Goal of the exercise: Leave out the pictures and output exactly the lines below from the one with "Swimming trout in" down to the one with "Solution:1.09333332 as a fraction is 82/75", both of them included.

Records provided:
--------------------
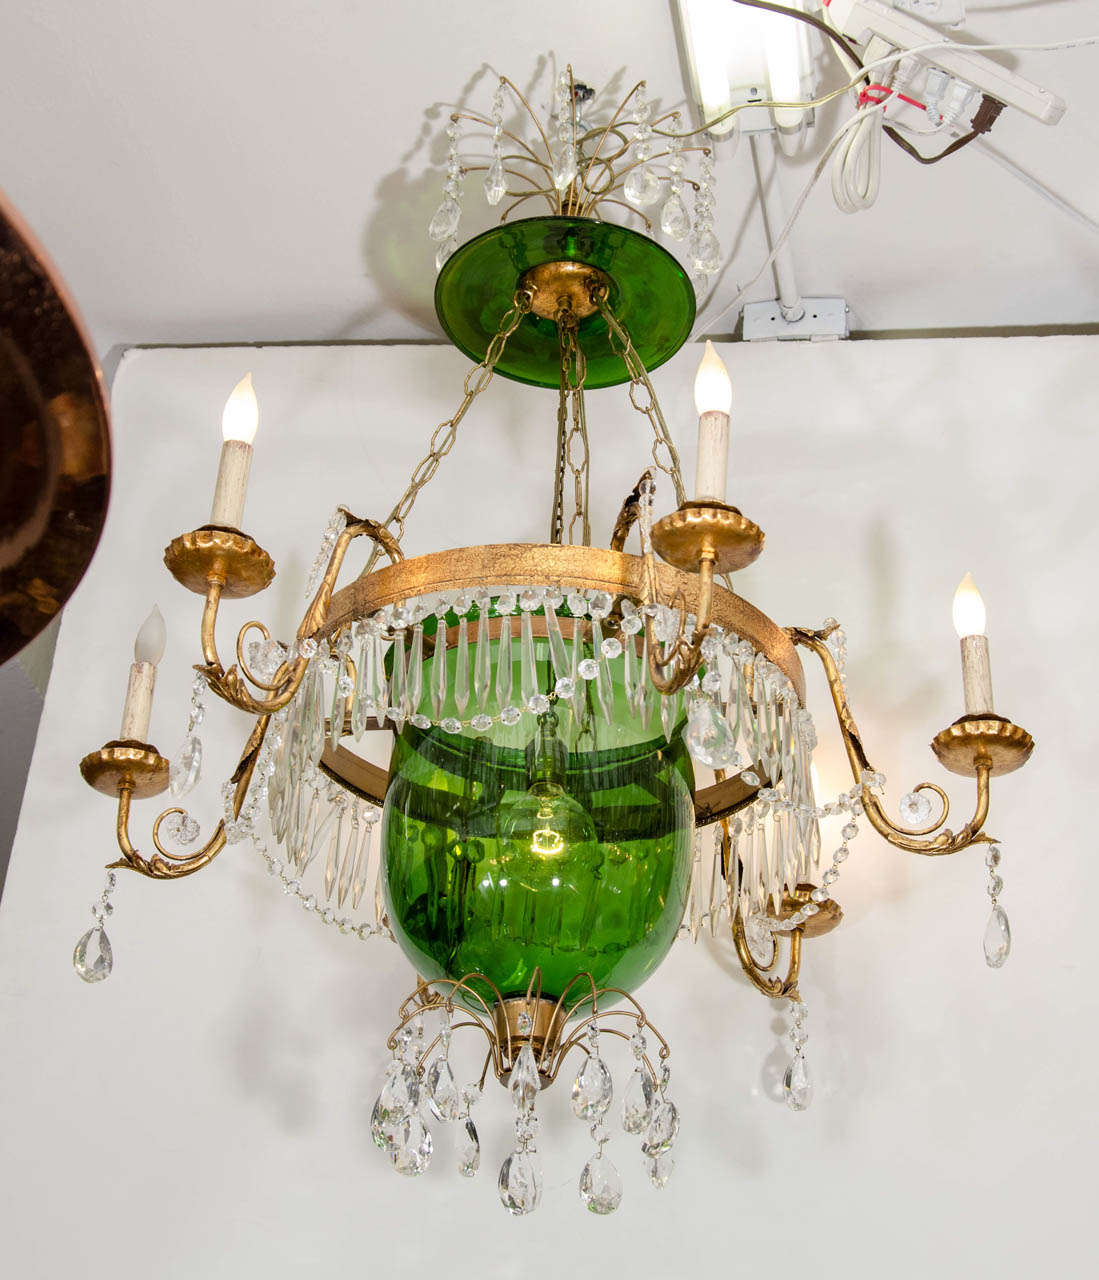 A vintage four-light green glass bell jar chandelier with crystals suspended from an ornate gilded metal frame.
--------------------
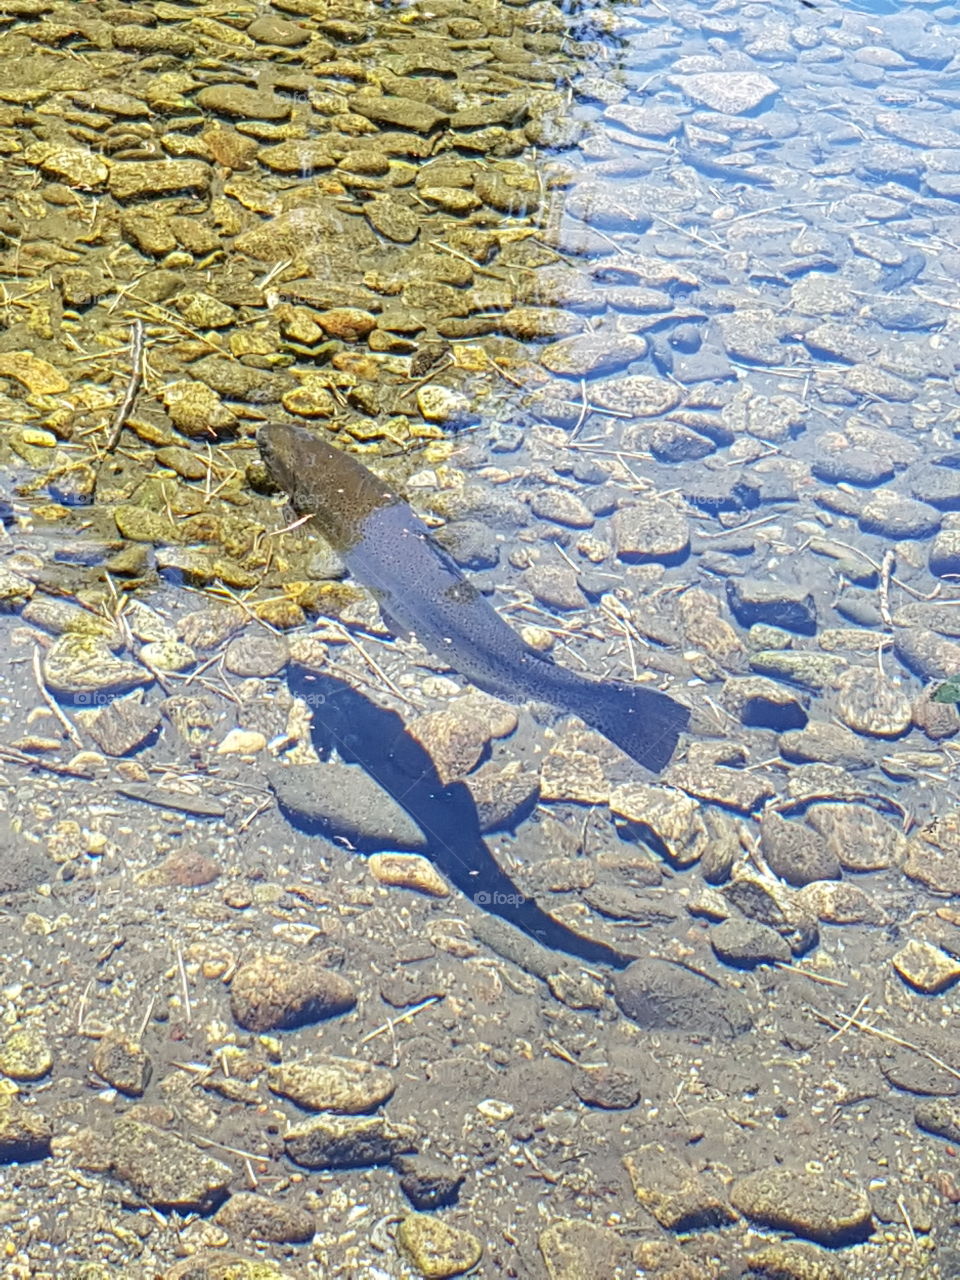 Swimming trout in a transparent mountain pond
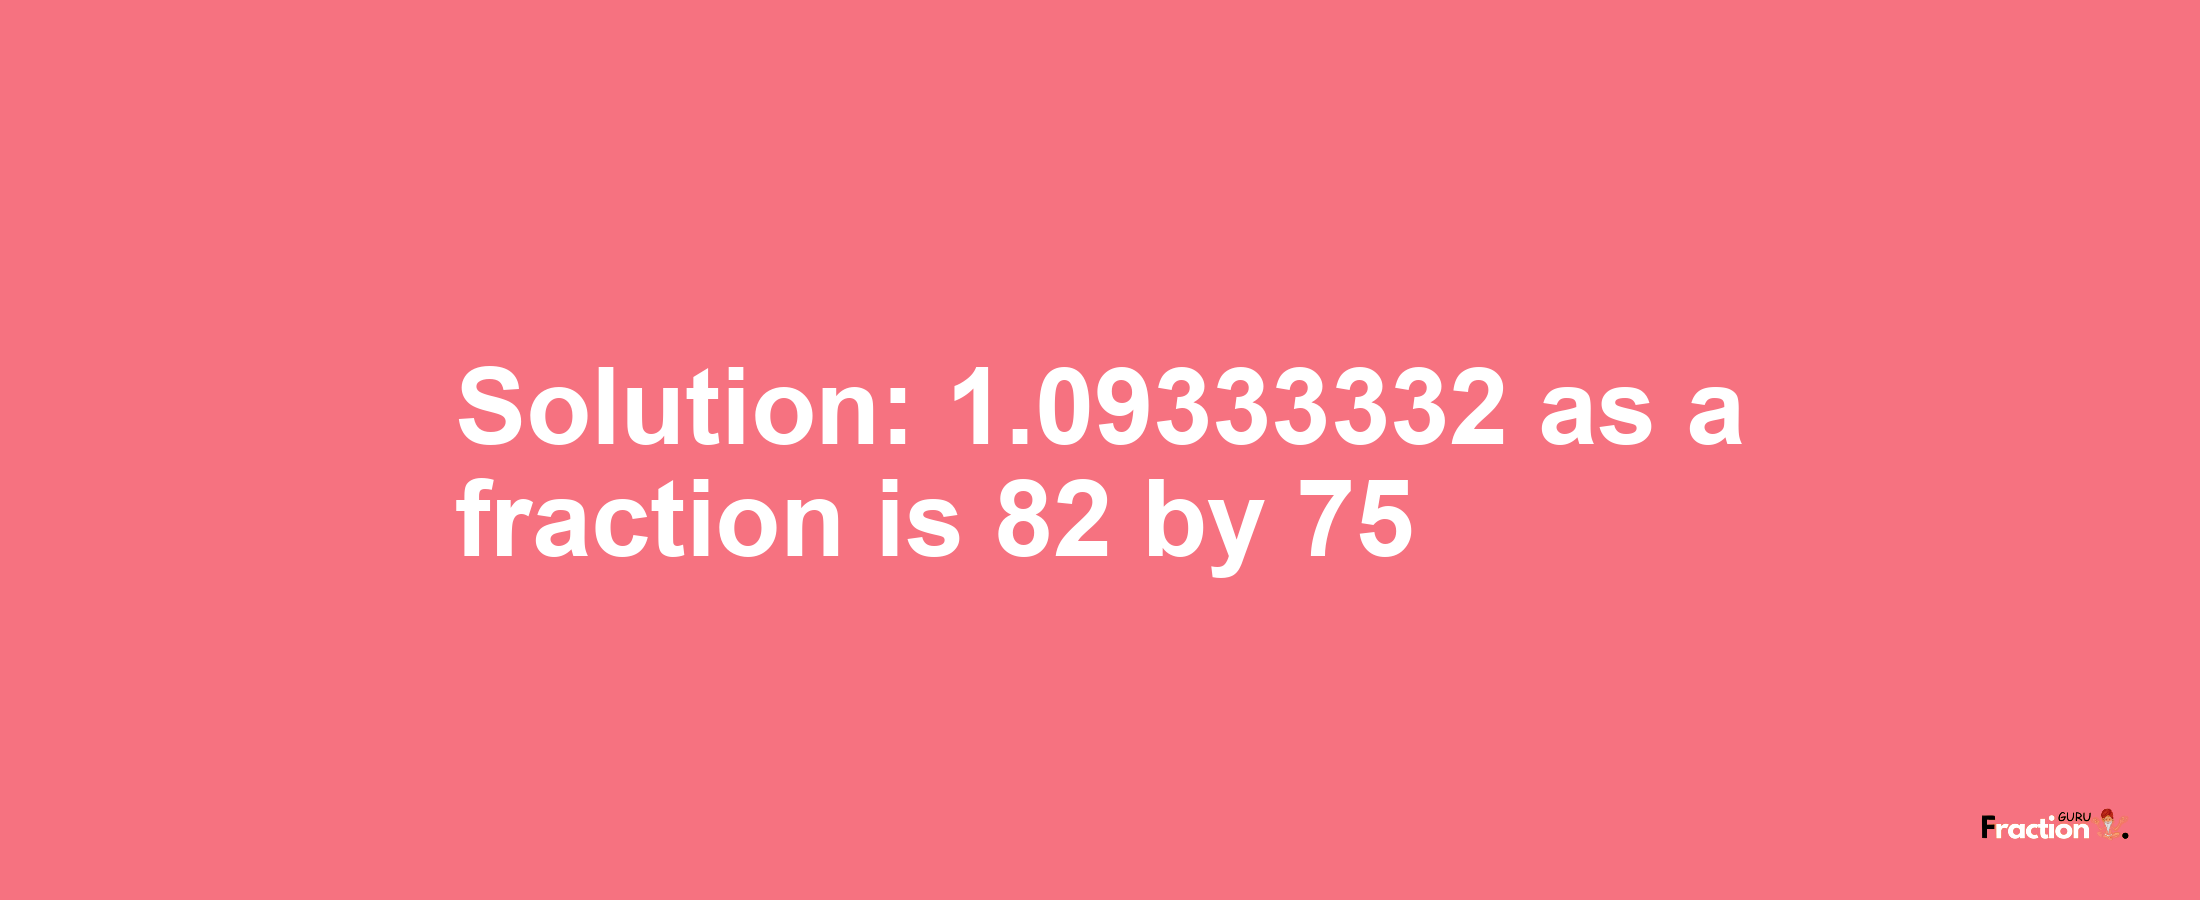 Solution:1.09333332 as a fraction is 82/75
--------------------
Response box:
 Swimming trout in a transparent mountain pond
 Solution:1.09333332 as a fraction is 82/75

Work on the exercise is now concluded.